Remodelers Remain Confident About Improving Market | Pound Ridge Real Estate

 

NAHB’s Remodeling Market Index (RMI) was 57 in the first quarter of 2015, off the historic high point of 60 at the end of 2014, but still above the key break-even point of 50. The RMI and each of its components lies on a scale of 0 to 100, where a number above 50 indicates that more remodelers report the market has improved than report it has gotten worse.

RMI 15Q1 chart

The overall RMI averages ratings of current remodeling conditions with indicators of future activity.  Overall, current market conditions declined two points to 58, although smaller jobs continued to show strength: the maintenance and repair component of the RMI increased four points to 64—an all time high since the inception of the survey in 2001.

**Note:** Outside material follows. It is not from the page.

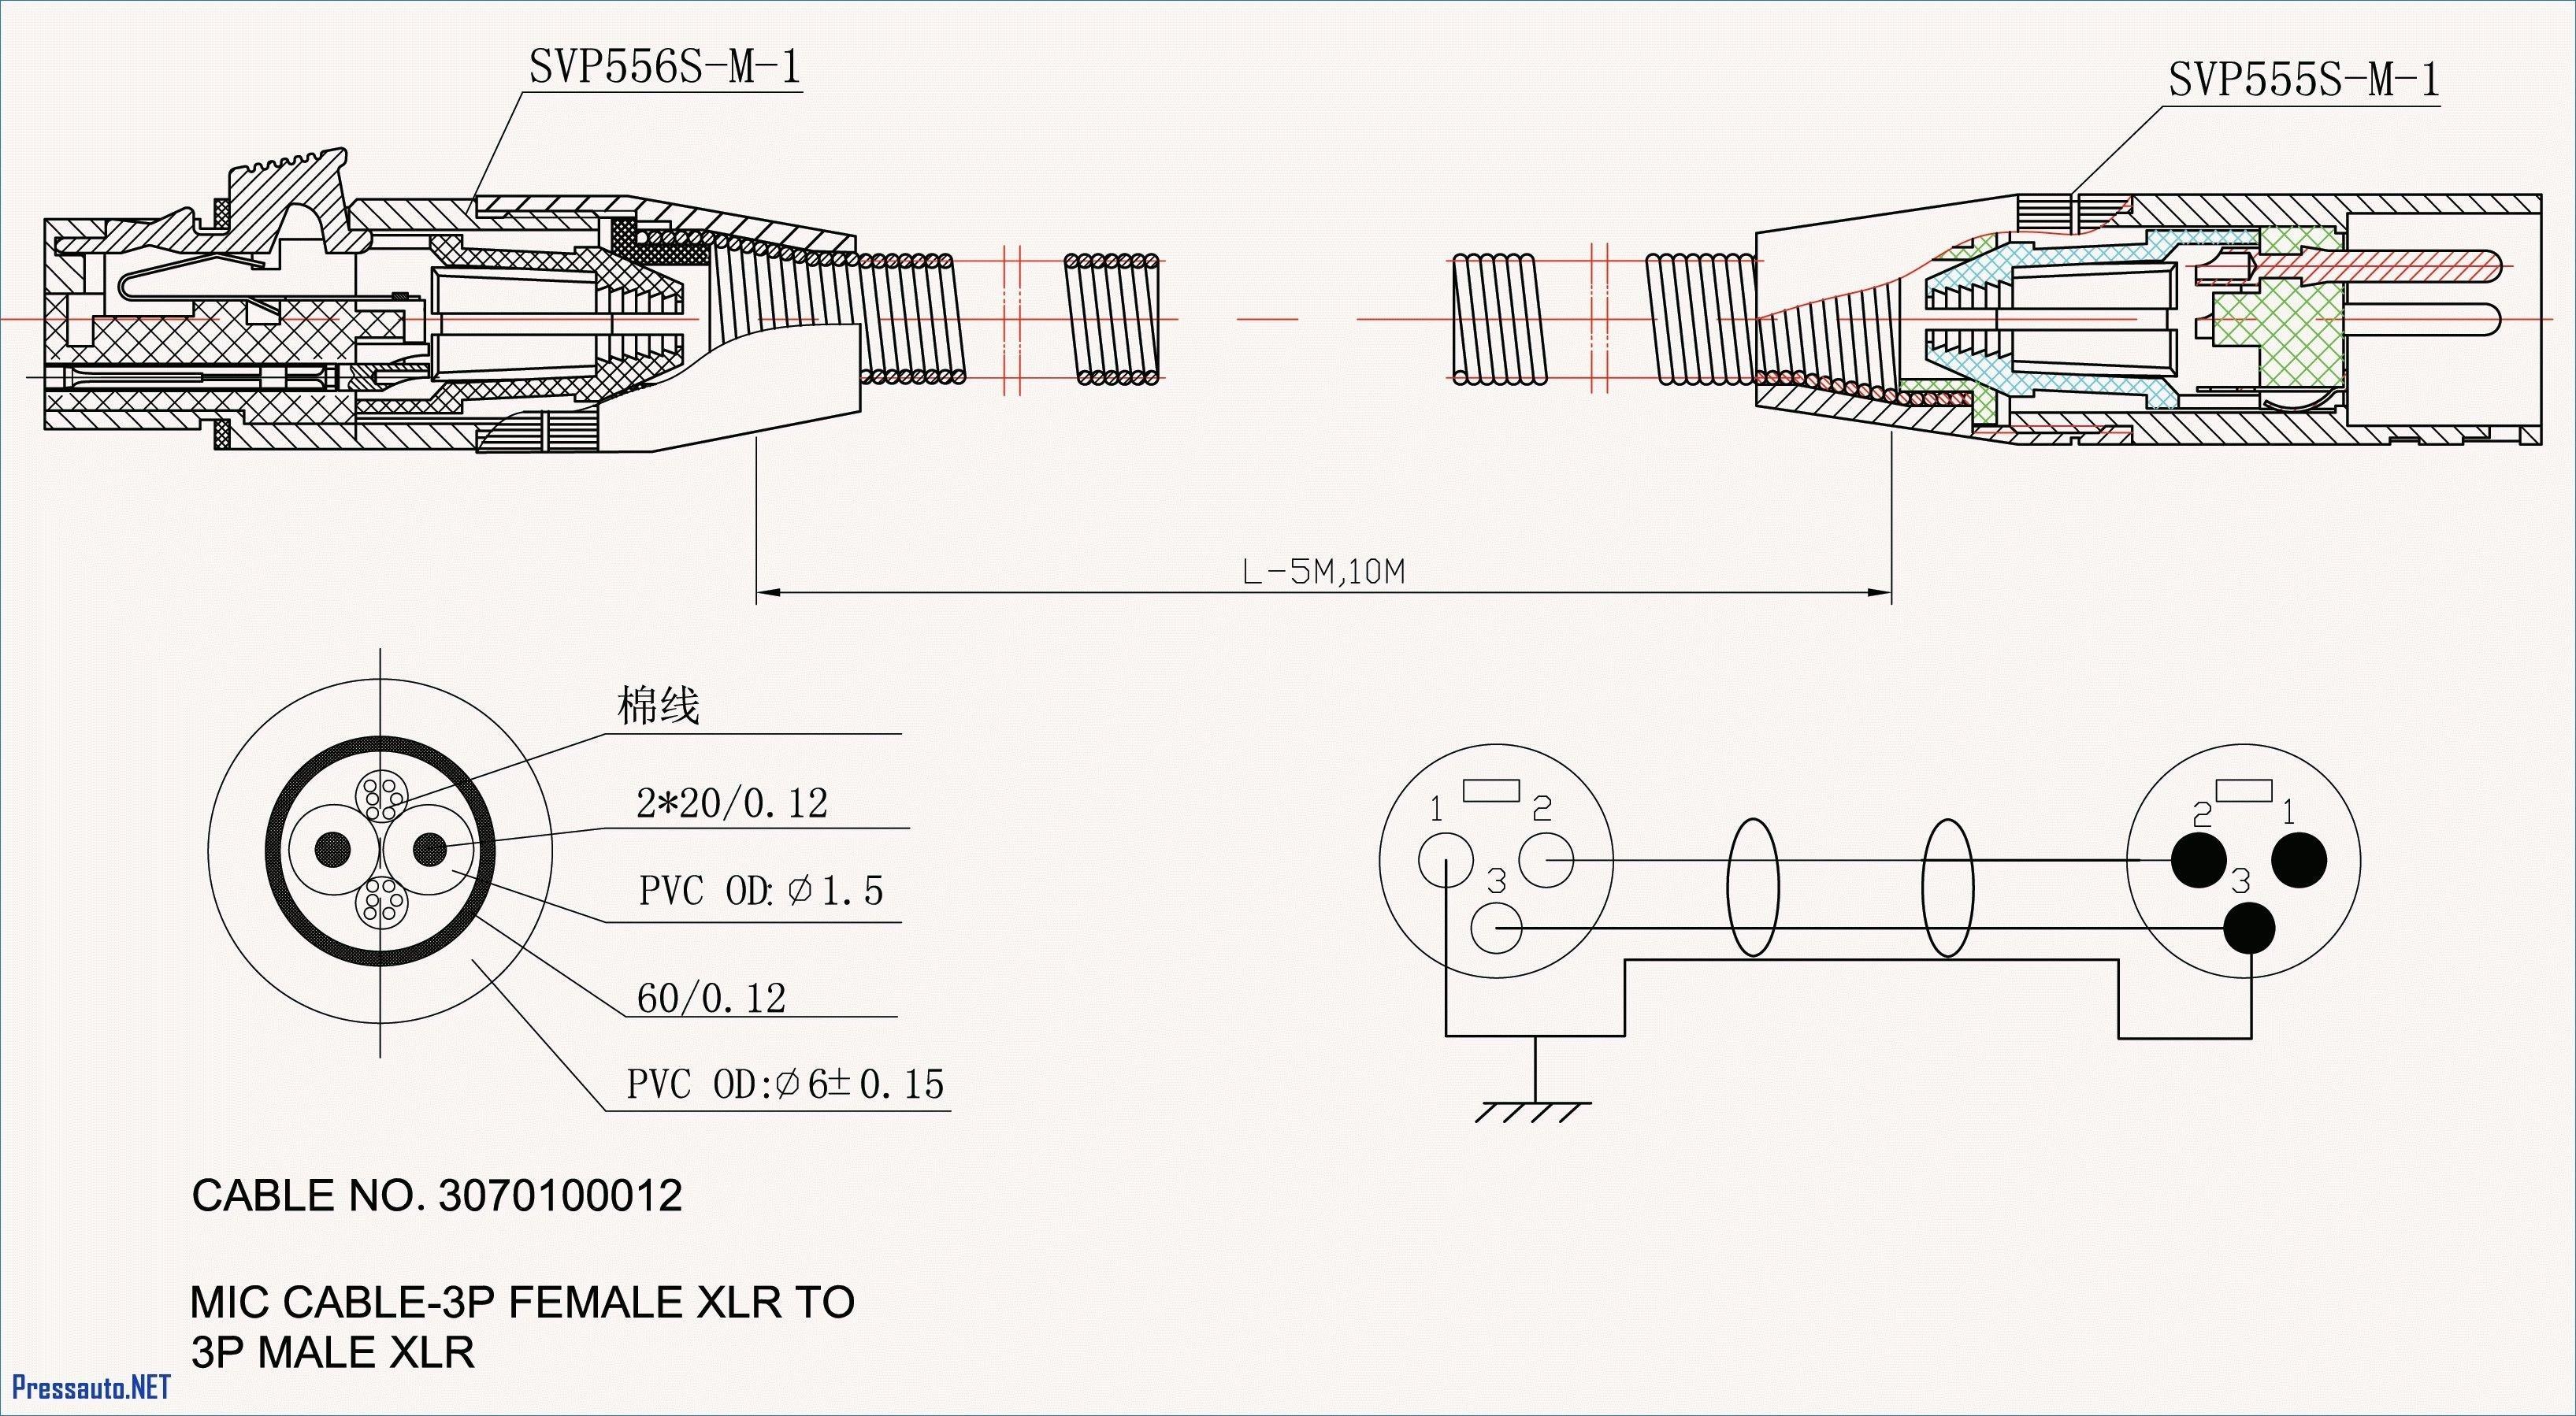 Xlr Connector Wiring Diagram Wiring Diagram Guitar Jack Save Xlr to Mono Jack Wiring Diagram In Of Xlr Connector Wiring Diagram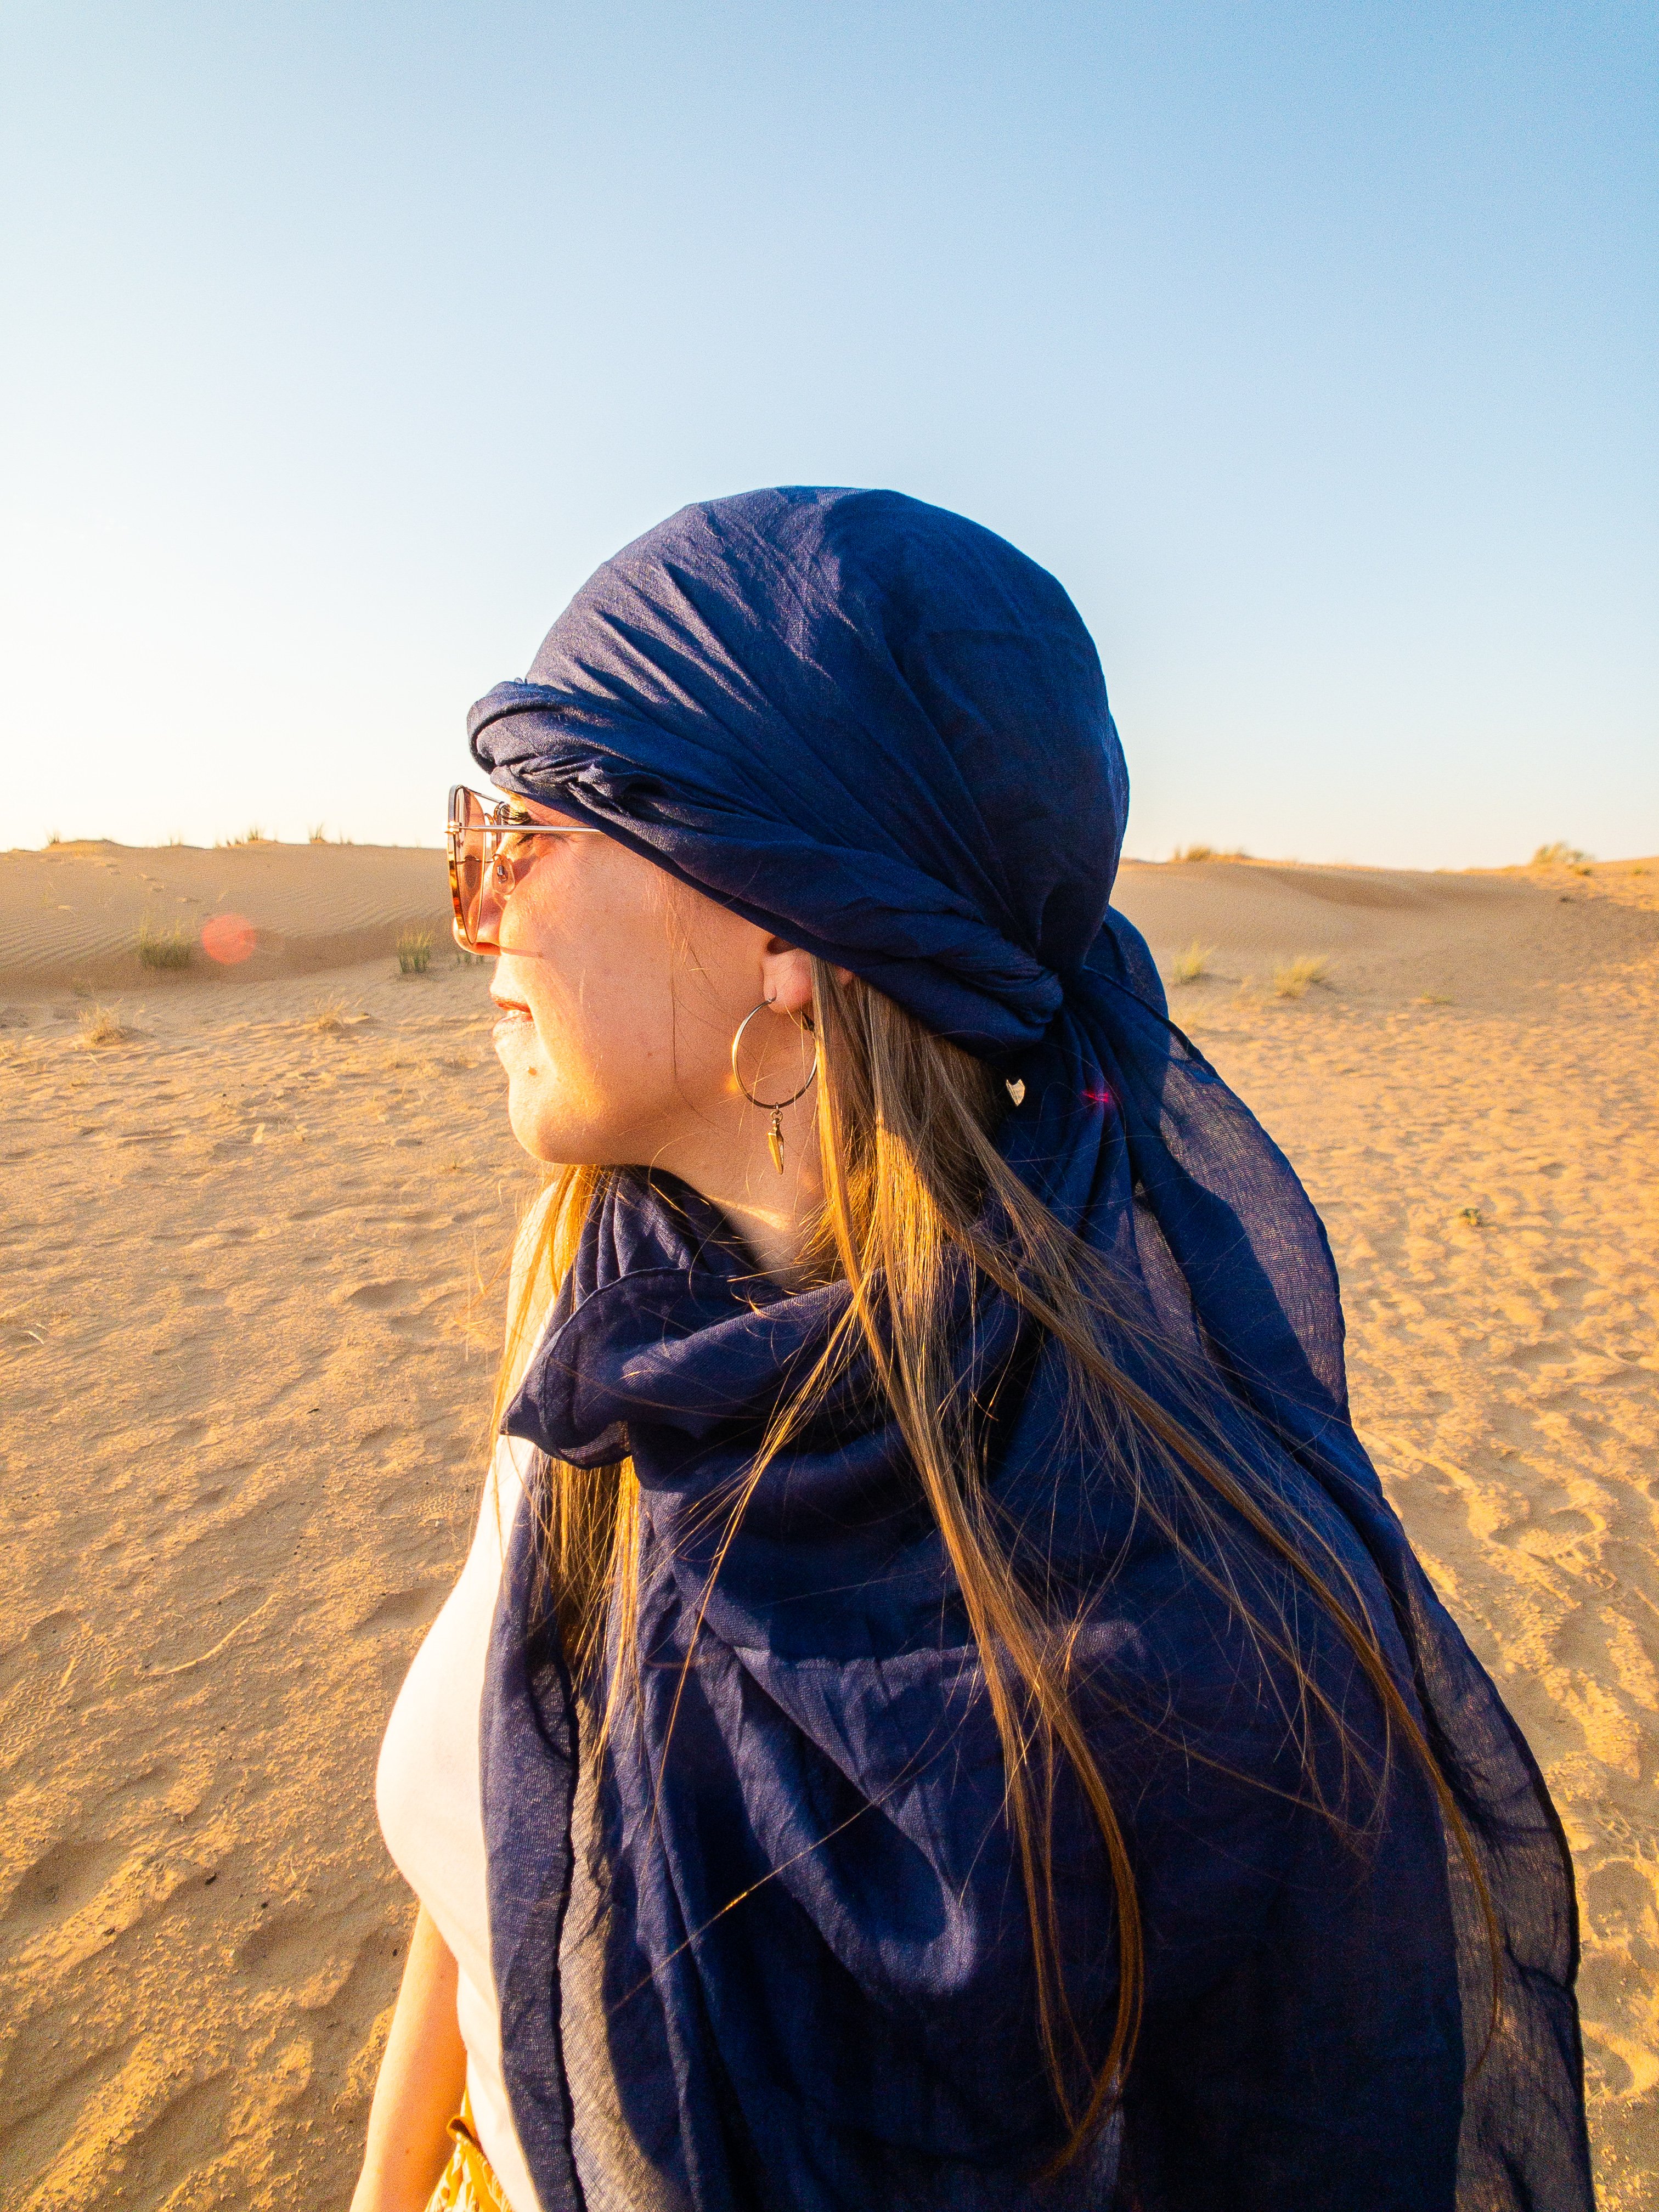 Platinum Heritage Desert Camel Ride Tours Dubai | What to Wear in Dubai

The index of future market indicators also declined, from 60 to 55, in the first quarter.  All four of its subcomponents—calls for bids, amount of work committed for the next three months, backlog of jobs and appointments for proposals—declined but remained significantly above 50.

RMI 15Q1 table

The indices above 50 mean that remodelers on balance remain positive about the improving market.  The declines off fourth quarter peaks mean the positive outlook is not quite as widespread as it was at the end of last year.  A shortage of labor in key trades is one factor restraining remodelers’ optimism.  Another may be the harsh weather that struck many parts of the country during the first quarter of 2015, although this would have necessitated repairs and tended to have a positive effect on the RMI’s maintenance and repair component.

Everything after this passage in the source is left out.